Wednesday, December 24, 2008

TOP 10 GLOBAL WARMING CLAIMS OF THE YEAR.


A couple quotes found at The People's Cube:

Quote
The “scientific consensus” that Al Gore and his fellow global warming alarmists rely upon to force radical changes in how Americans live and work is being unraveled by Mother Nature. In addition to the recent freak snowstorms in Malibu, New Orleans and Las Vegas, Arctic ice is expanding this year - not shrinking - and there were 115 record-low temperatures reported in the U.S. in October, according to the National Oceanic and Atmospheric Administration. Despite rising carbon dioxide levels, the Earth has actually been cooling – not warming – since 1998, when the warming trend peaked in conjunction with heightened sunspot activity. It appears that 2008, the National Climatic Data Center now says, will go down as the coldest year in a decade.


Quote
“For how many years must the planet cool before we begin to understand that the planet is not warming?” asked Dr. David Gee, chairman of the 2008 International Geological Congress’ science committee.

In case you were not aware of how deadly serious this discredited non-issue is, check this list at Fox. My favorites? Cannibalism and frozen penguin babies. The latter is the most hilarious, as the left has no problem with dead human babies. Penguin babies however....we gotta DO something!

Oh, and btw, don't enjoy your Christmas. If you have festive lights this one time of year, you hate the planet. The smart and kind got yer number, you troglodyte, so don't even try it!

On the other hand, from this ill-bred, stupid, planet-hatin' redneck oppressor, I wish you a Merry Christmas!

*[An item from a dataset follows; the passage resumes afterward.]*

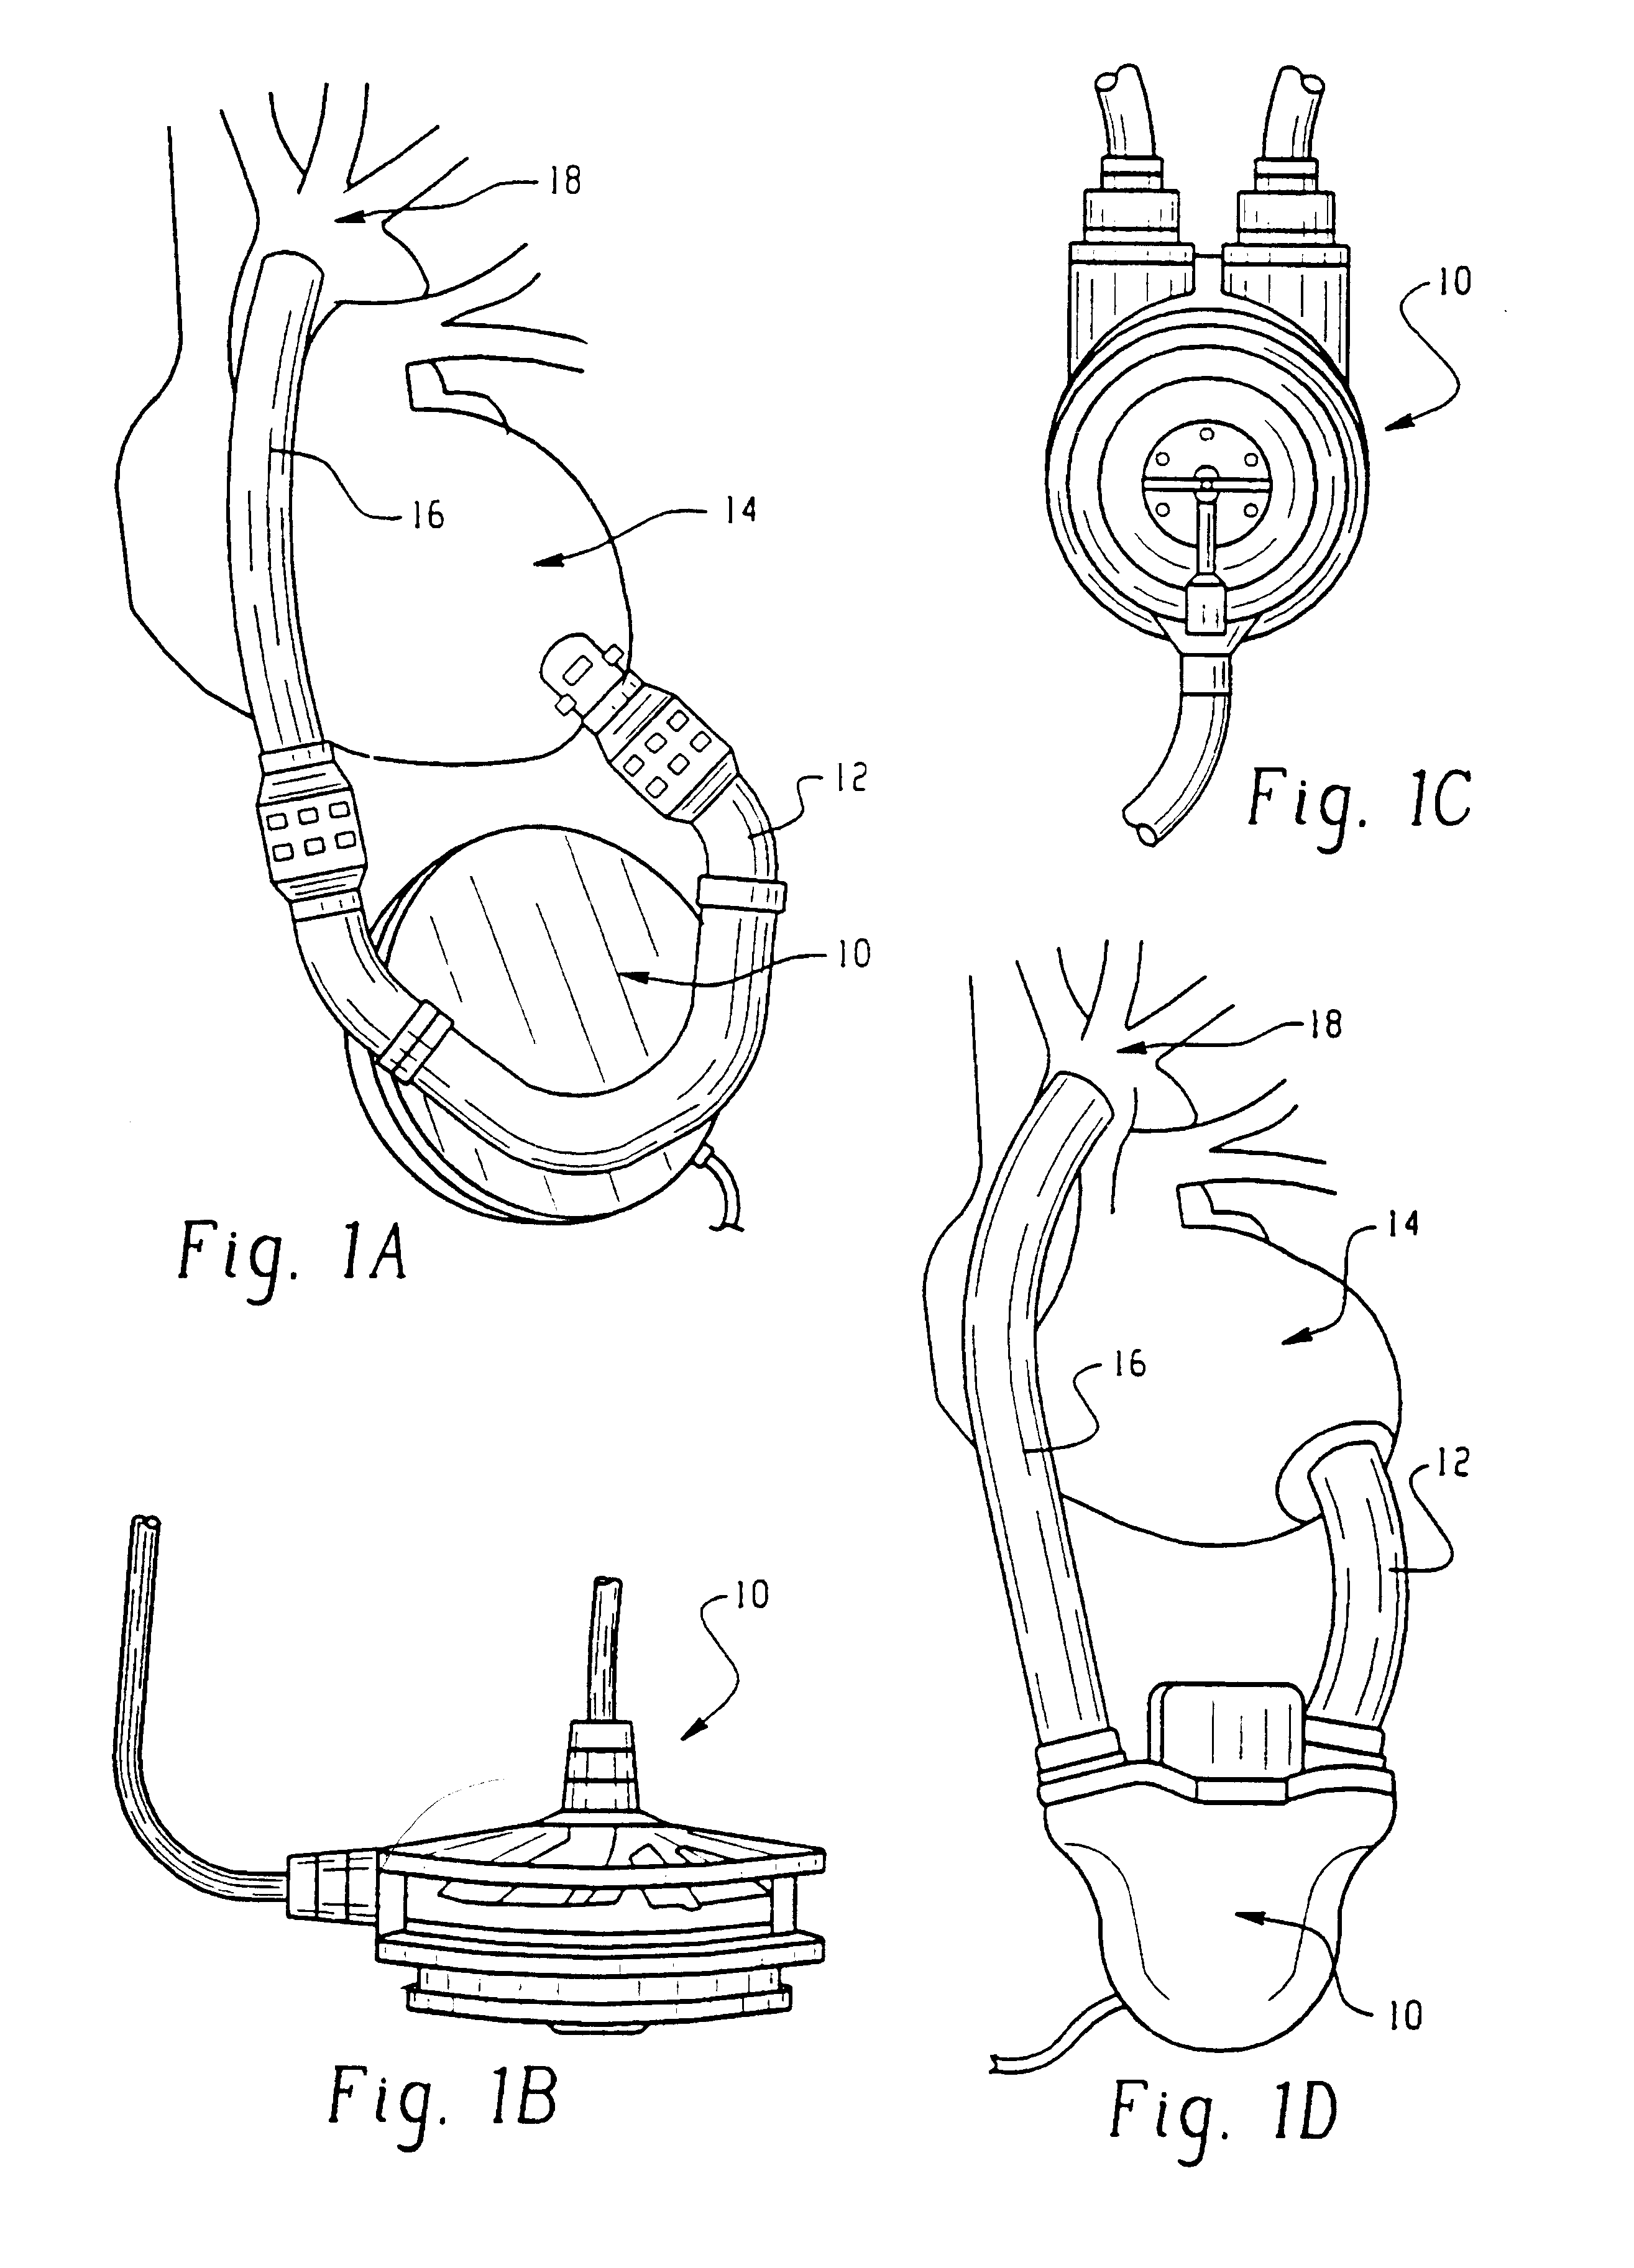 System for incorporating sonomicrometer functions into medical instruments and implantable biomedical devices

Here's hoping for peace-through-strength on earth and a return to people helping one another themselves, even in the face of acquiring dirty hands and a messy, actual involvement in another person's life. May we learn to abandon our obsession with inner personal growth and focus a little on others, instead of passing it off on the government to do with other people's money, thereby avoiding the personal expense and above all the horrible inconvenience that that would entail. Missing a yoga class, loosing time with affirmations tapes and reflection on the moment by moment state of our feeeeelings just might be worth it.

I think it would create a better, happier world, but then again, I'm a hateful bastard. What the hell do I know! lol. Merry Christmas.